The BBN modelling approach offers an advantage to other modelling methods as it combines the possibility to use empirical data and expert knowledge (Landuyt et al. 2013; Van der Biest et al. 2014). The general framework can be applied to other potential drivers that influence ES trade-offs and synergies. This may provide a better understanding of the effects of drivers on ES trade-offs and synergies, through complex interactions with different species and processes, and an understanding of the relationships among ESs and the mechanisms behind these relationships, whether the services are responding to a shared driver or interacting (Bennett et al. 2009).

Conclusions

The present study assessed the influence of connectivity on ES trade-offs and synergies at a fine (2 m) spatial resolution, at a landscape scale (> 100 km2). We demonstrated that by applying a BBN modelling approach the influence of landscape and habitat structural features on ES trade-offs and synergies can be tested. Our models performed with error rates similar to BBN models used in other environmental contexts. The approach provides useful information on the sensitivity of ES trade-offs and synergies to different landscape structural features.

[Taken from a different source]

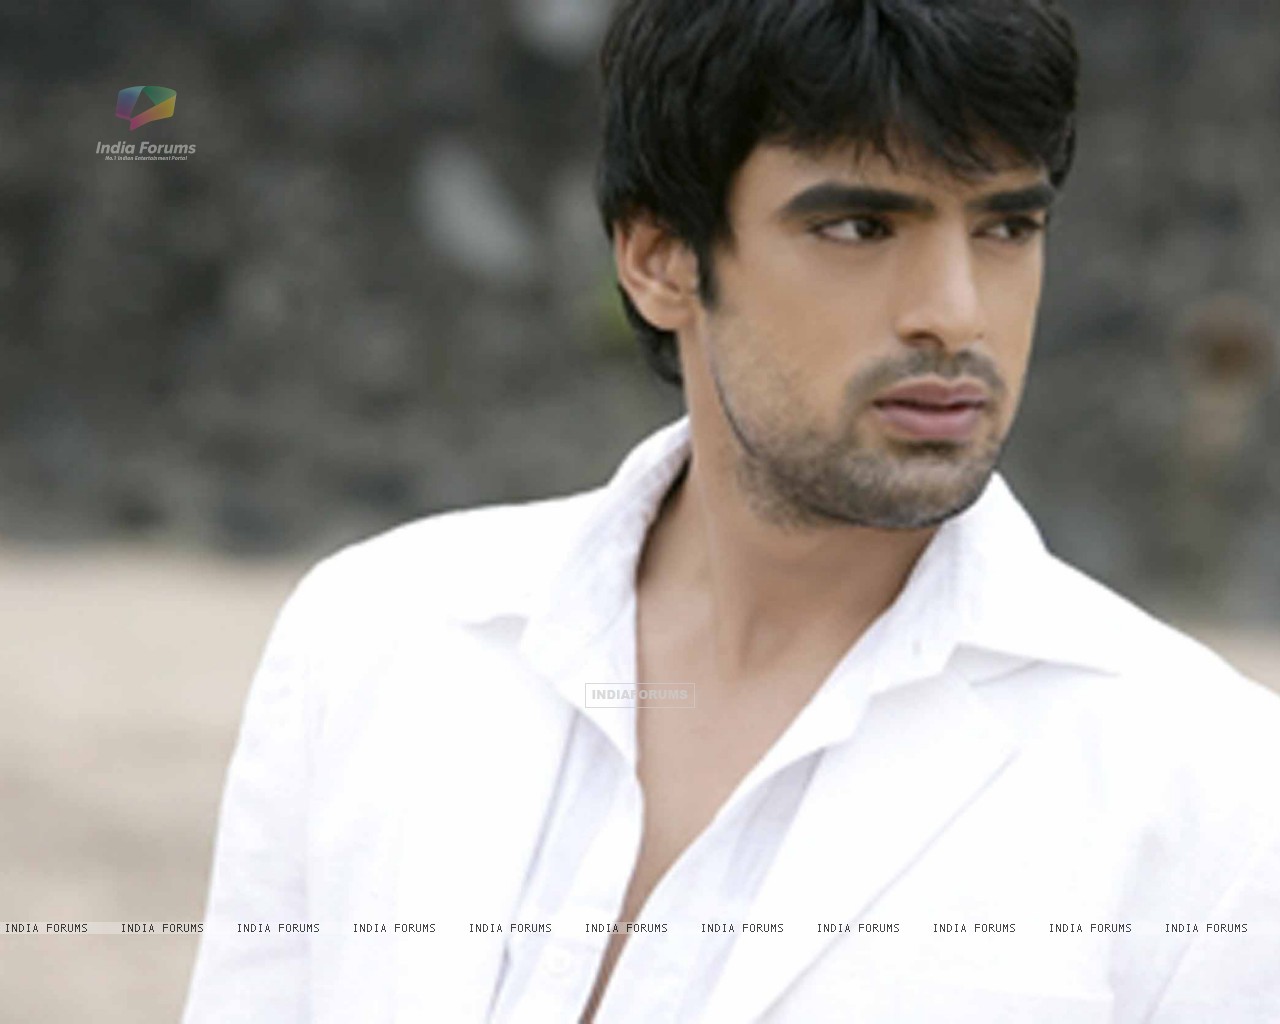 Download links of Mohit Malik wallpaper images with the image title as &quot;Mohit Malik&quot; : Mohit Malik 1366x768 | Mohit Malik 800x600 | Mohit Malik 1024x768 ... - 31802-mohit-malik

Our findings showed that patch area and connectivity exerted a strong influence on ES trade-offs and synergies and support the principle that, broadly, large and better-connected patches of vegetation increase ES provision and bird abundance in urban areas. Connectivity was found to be the most influential variable in determining two of three ES trade-offs and synergies. Low patch area and low to moderately low connectivity were associated with high levels of ES trade-offs and synergies predictions. In this study landscape connectivity affected multiple ESs and may form bundles.

Landscape management requires an understanding of how landscape connectivity affects ESs and their interactions. A BBN modelling approach may provide an effective solution to test the potential factors that drive ES trade-offs and assess how ES trade-offs respond to the variation of urban landscape structural features, and thereby relevant to landscape-scale research and ES management. BBNs are important tools for assisting in decision-making and scenario testing, and for urban planning. Further research is needed to understand how ecological networks enhance the resilience of urban ESs.